The “Holistic Agent Leaderboard” (HAL) addresses this by automatically running multi-dimensional agent evaluations, including cost alongside accuracy [00:10:01]. Despite decreasing LLM inference costs, the “Jevons Paradox” suggests that overall agent usage and associated costs will likely increase, necessitating continued cost consideration [00:11:47].
Benchmark Performance vs. Real-World Translation
Over-reliance on static benchmarks can be misleading because they rarely translate to real-world performance [00:13:29]. For example, the agent “Devin” from Cognition, which raised significant funding based on its performance on the SweBench benchmark, was found to be successful in only 3 out of 20 real-world tasks over a month of use [00:13:50].
To overcome this, a framework proposing “humans in the loop” is crucial. Domain experts should proactively edit the criteria used for LLM evaluations to achieve better results [00:14:27].
Differences Between AI Capability and Reliability
A critical distinction is between capability and reliability [00:14:46]:
- Capability: What a model could do at certain times (e.g., pass@k accuracy where one of K answers is correct) [00:14:54].
- Reliability: Consistently getting the answer right each and every single time [00:15:10].
For real-world products and consequential decisions, reliability is paramount [00:15:15]. While language models are highly capable, mistaking this for a reliable end-user experience leads to product failures like Humane Spin and Rabbit R1 [00:15:29]. An agent that correctly fulfills a food order only 80% of the time is a catastrophic product failure [00:16:17].
Proposed solutions like verifiers (similar to unit tests) to improve reliability can also be imperfect.
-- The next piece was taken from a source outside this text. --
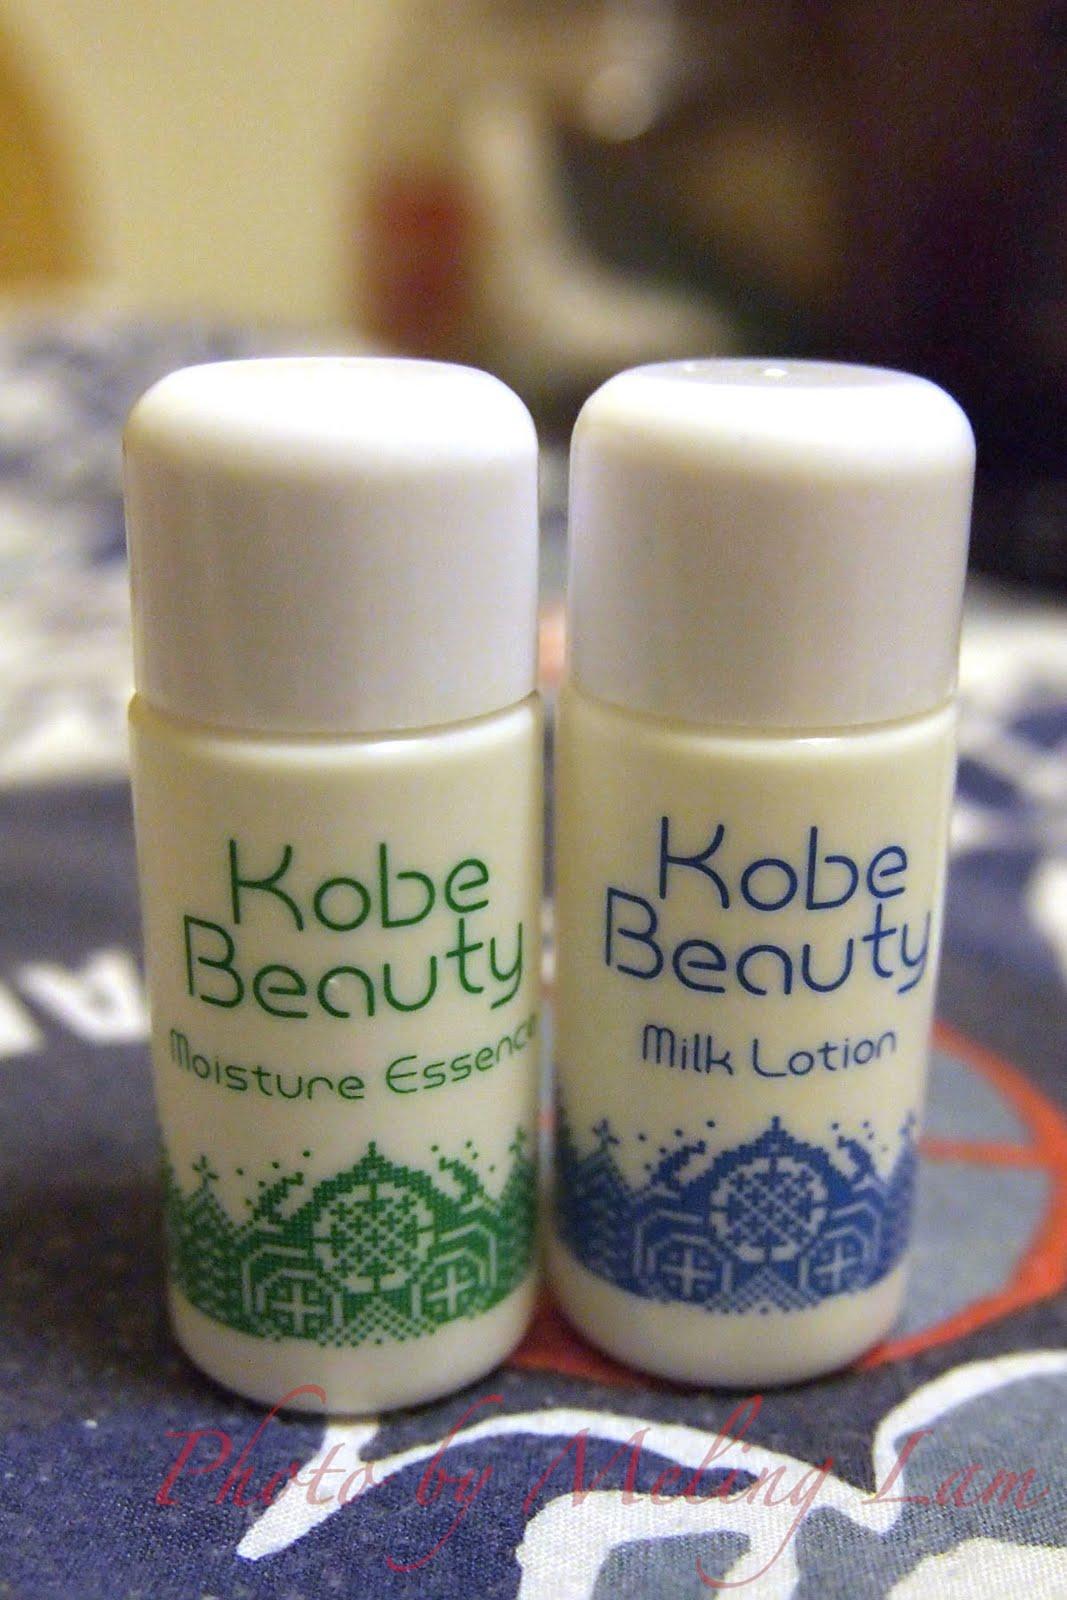 kobe beauty trial kit milk lotion moisture essence
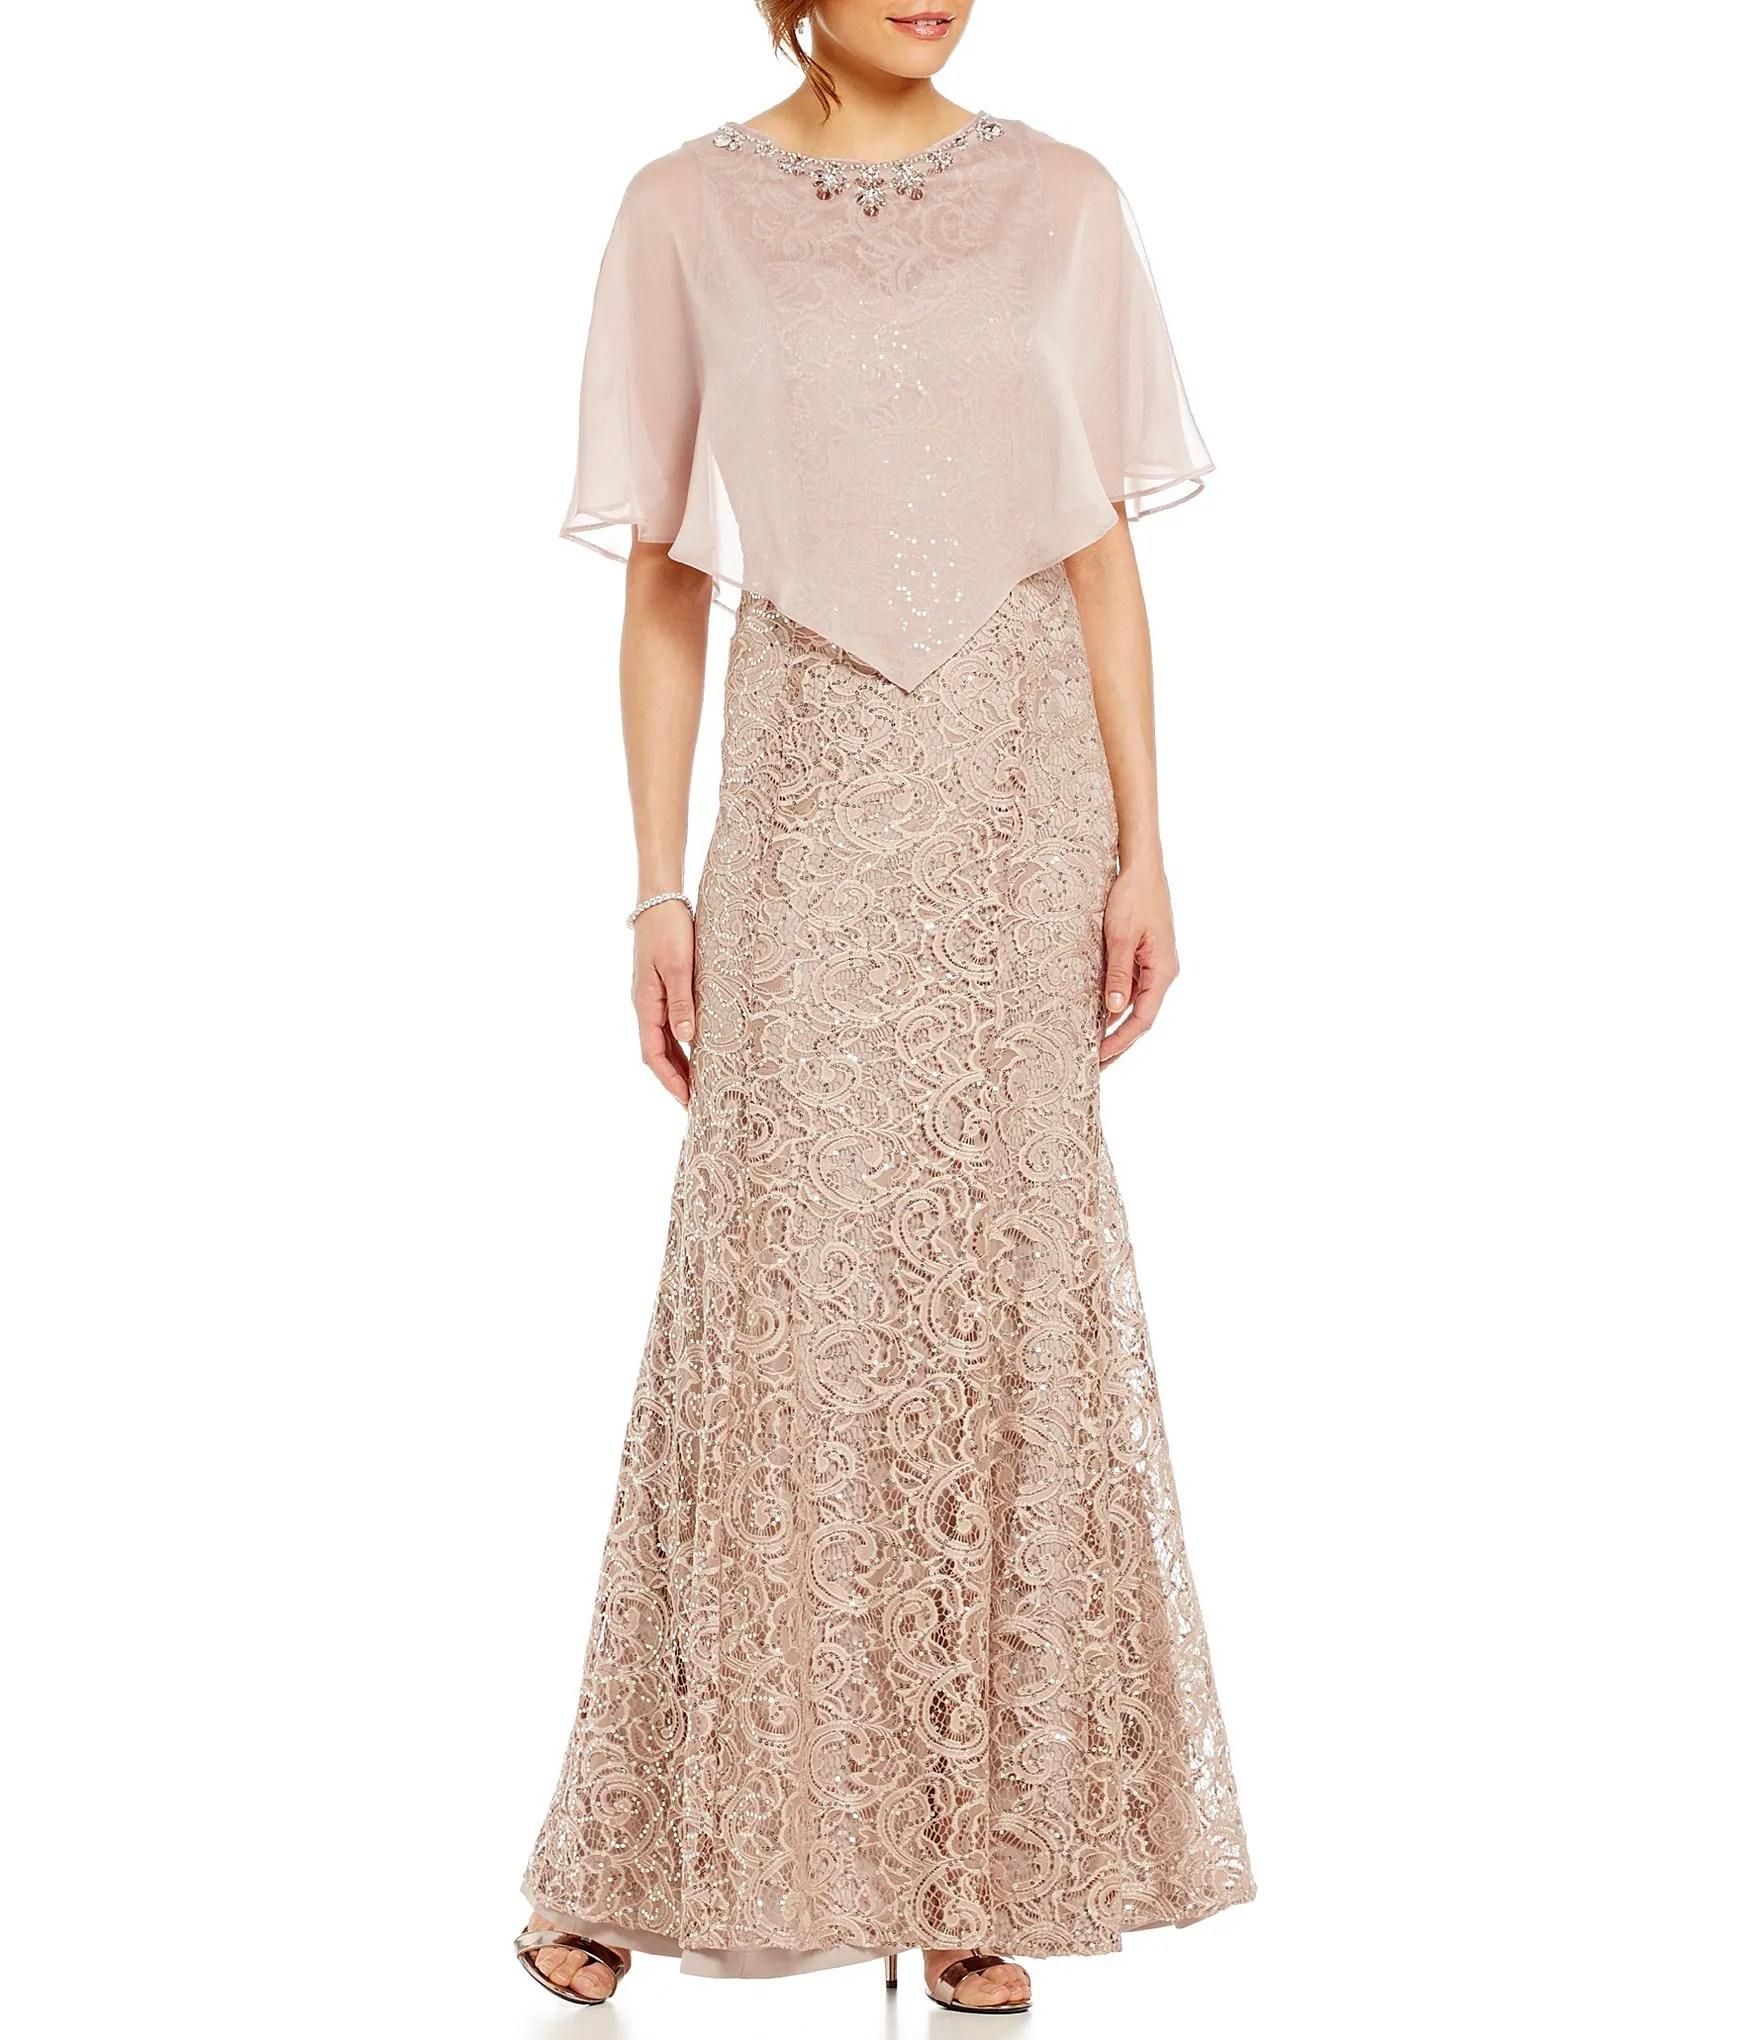 Dillards Evening Dresses

Leading coding benchmarks, HumanEval and MBPP, have false positives in their unit tests, meaning incorrect code can still pass, leading to a downward trend in model performance with more attempts [00:16:47].
The Role of AI Engineering in Reliability
The challenge for AI engineers is to determine the necessary software optimizations and abstractions for working with inherently stochastic components like Large Language Models (LLMs) [00:17:29]. This is fundamentally a system design problem, not just a modeling problem [00:17:41].
AI engineering needs to be viewed as a field of reliability engineering, rather than solely software or machine learning engineering [00:17:54]. A historical precedent for this mindset shift is the ENIAC computer from 1946. It initially suffered from frequent vacuum tube failures, rendering it unavailable half the time [00:18:24]. The primary job of its engineers for the first two years was to fix these reliability issues to make it usable by end-users [00:18:44].
Similarly, AI engineers must focus on resolving the reliability issues that plague agents relying on stochastic models [00:19:07]. Their core responsibility is to ensure this “next wave of computing” is as reliable as possible for end-users [00:19:26], thereby building trust in AI systems.